Notes about coding details
I also used this as an opportunity to experiment with some new tools and techniques. The network graph layout was done with the GraphViz package. Although I’ve used GraphViz heavily in a number of recent projects, I recently discovered a included set of powerful tools. The gvpr command, which functions as a network-aware search-and-replace syntax, is especially amazing. Tho’ its really kind of a complete scripting language. This means that once my web-scraping or database scripts have created a file in the .dot format, it is possible to string together a bunch of GraphViz unix commands to do the filtering, coloring, and many other sophisticated network processing operations very efficiently. However, like many command-line tools, the awesome power and compactness also means that the tools have a learning curve that feels like running into the side of a skyscraper. Since I found very few examples out on the web, I’m including the commands I used here (also so I can find them again in the future):
gvpr -c 'N[role=="funder"]{fontcolor="black",color="black"}' MMAN_dump5.dot| gvpr -i 'N[blurb==1 | role=="funder"]' | gvpr -c 'N[cash< =200000]{fontsize=12,color="white"}' | gvpr -c 'N[cash>100000]{fontsize=15}'| gvpr -c 'N[cash>1000000]{fontsize=20,penwidth=2,fontname="Helvetica-Bold"}'| gvpr -c 'E[cash > 500000]{color="thistle",len=12}' | gvpr -c 'E[cash > 5000000]{color="indianred4",arrowsize=2,len=8}' | neato -Teps -o tester.eps
This is a series of commands, strung together with unix pipes to do the following:
- Load in the .dot file of my network, find all the nodes with a role attribute of “funder”, and color them black
- taking the previous network as input, output a new network that only includes nodes that have an attribute blurb=1, or a role of “funder”
- Set a smaller font size and background color for nodes with less than $2,000,000 in cash
- Set a larger font size on nodes with more than $100,000 in cash
- Set a larger bold fond and a thicker border on nodes with more than $1,000,000 in cash.

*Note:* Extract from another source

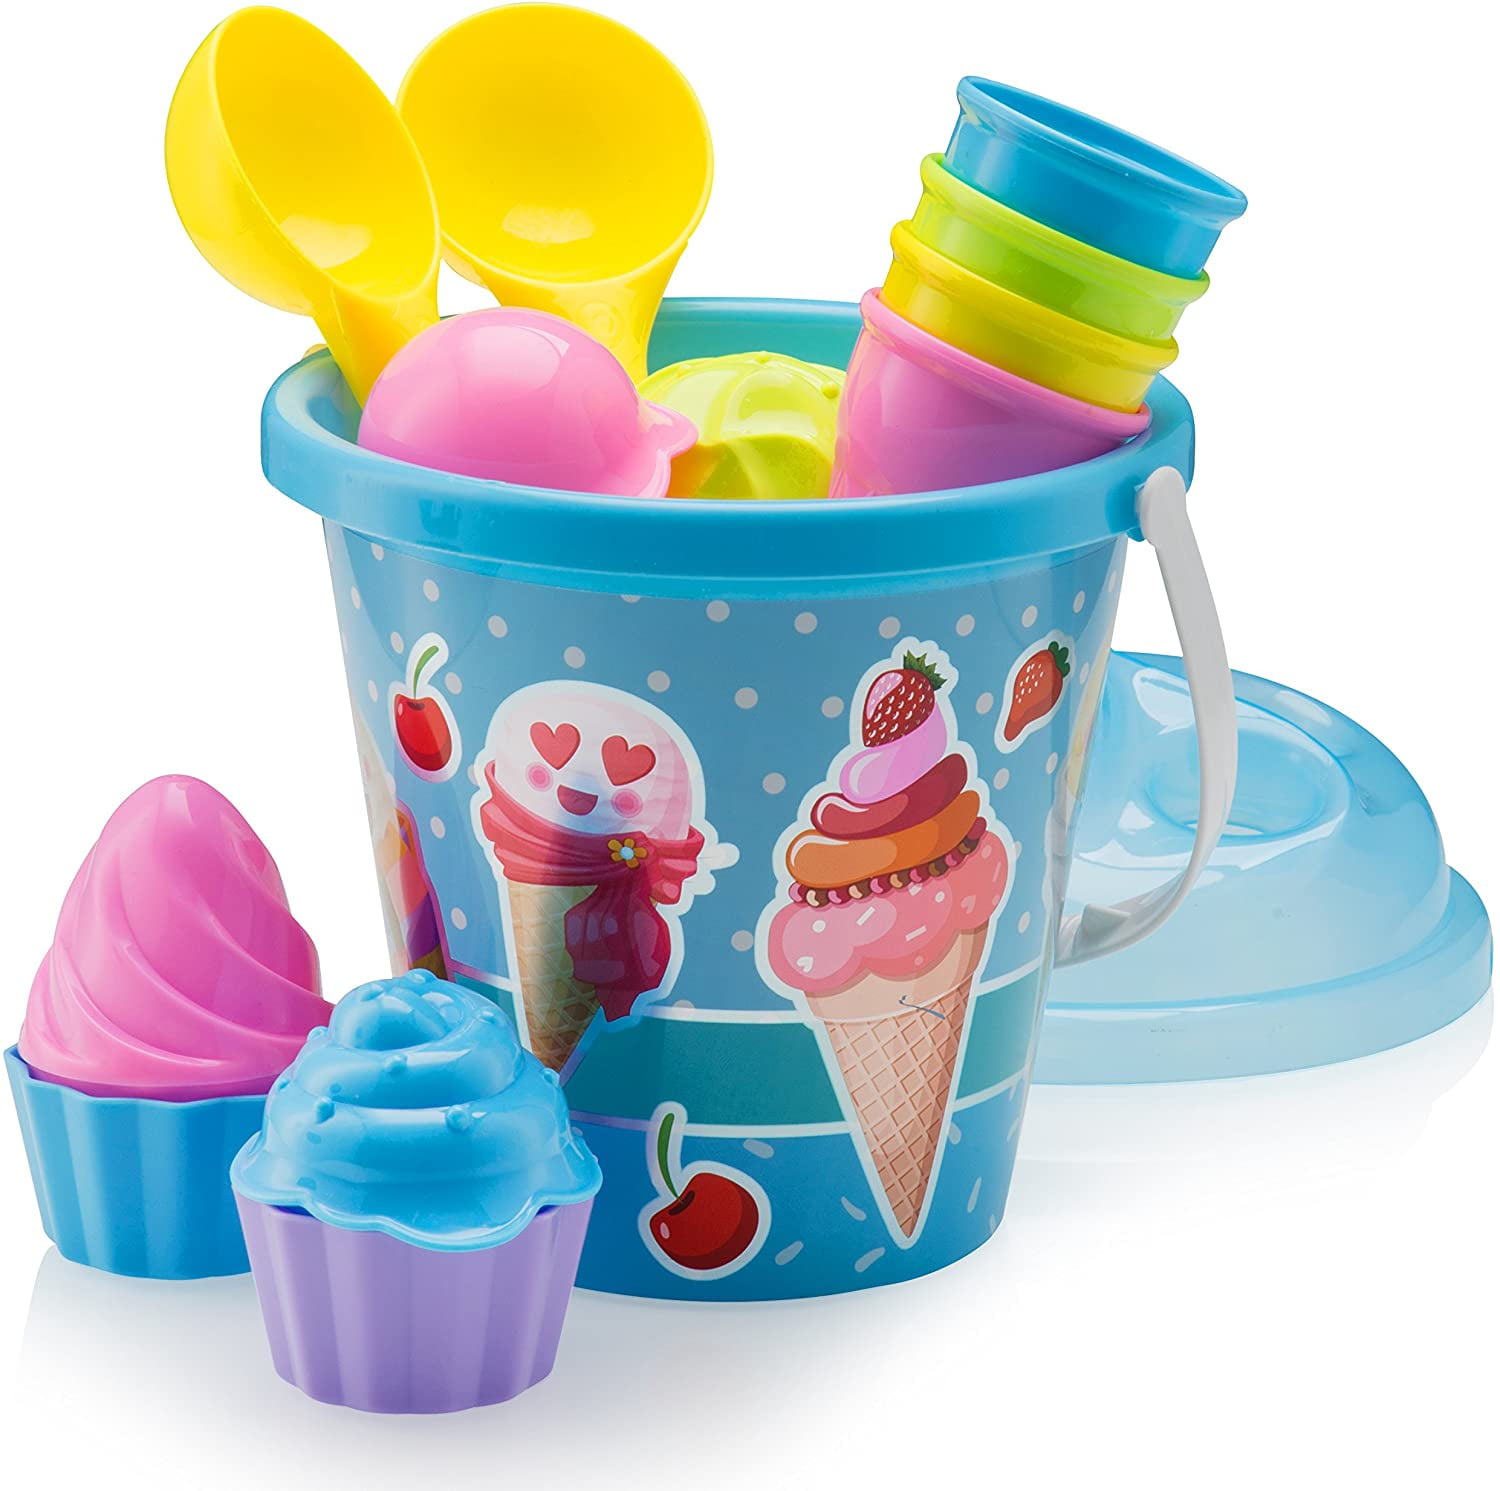 16 Toy Cupcakes Children Pretend Play Kitchen & Shop Mould Set bath pool Sandpit

- Color all the edges with more than $500,000 in cash, and make them a little shorter.
- Then color all the edges with more than $5,000,000 in cash a darker color, give ’em a bigger arrow, and make ’em even shorter.
- Finally, feed the resulting network into the GraphViz neato command to calculate the layout positions, and produce a .eps postscript file.
Although GraphViz can output a PDF file directly (-Tpdf), the pdf it produces won’t support the click-able urls. To get that to work, I exported as .eps and than ran
epstopdf tester.eps --outfile tester.pdf
to do the pdf conversion. (Don’t use ps2pdf
, it wont respect the image pagination).
A few other useful commands:
gvpr -i 'N[degree>1]' myFile.dot
Only keep nodes in the network that have more than 1 tie.
gvpr -c 'N[match(label,"University") >= 0]{fontcolor="darkorange4"}' myFile.dot
If a node’s label includes the string “University”, color it orange.
Fantastic work! I’ve been fascinated by this kind of thing for years but haven’t found much until now! I Just found your site after reading an article in the Boston Globe on Philip Howard’s soft drink graph and am eager to absorb some of your other work.
I’m now curious if 3-Dimensional interactive maps could help ease the data overload problem you mention.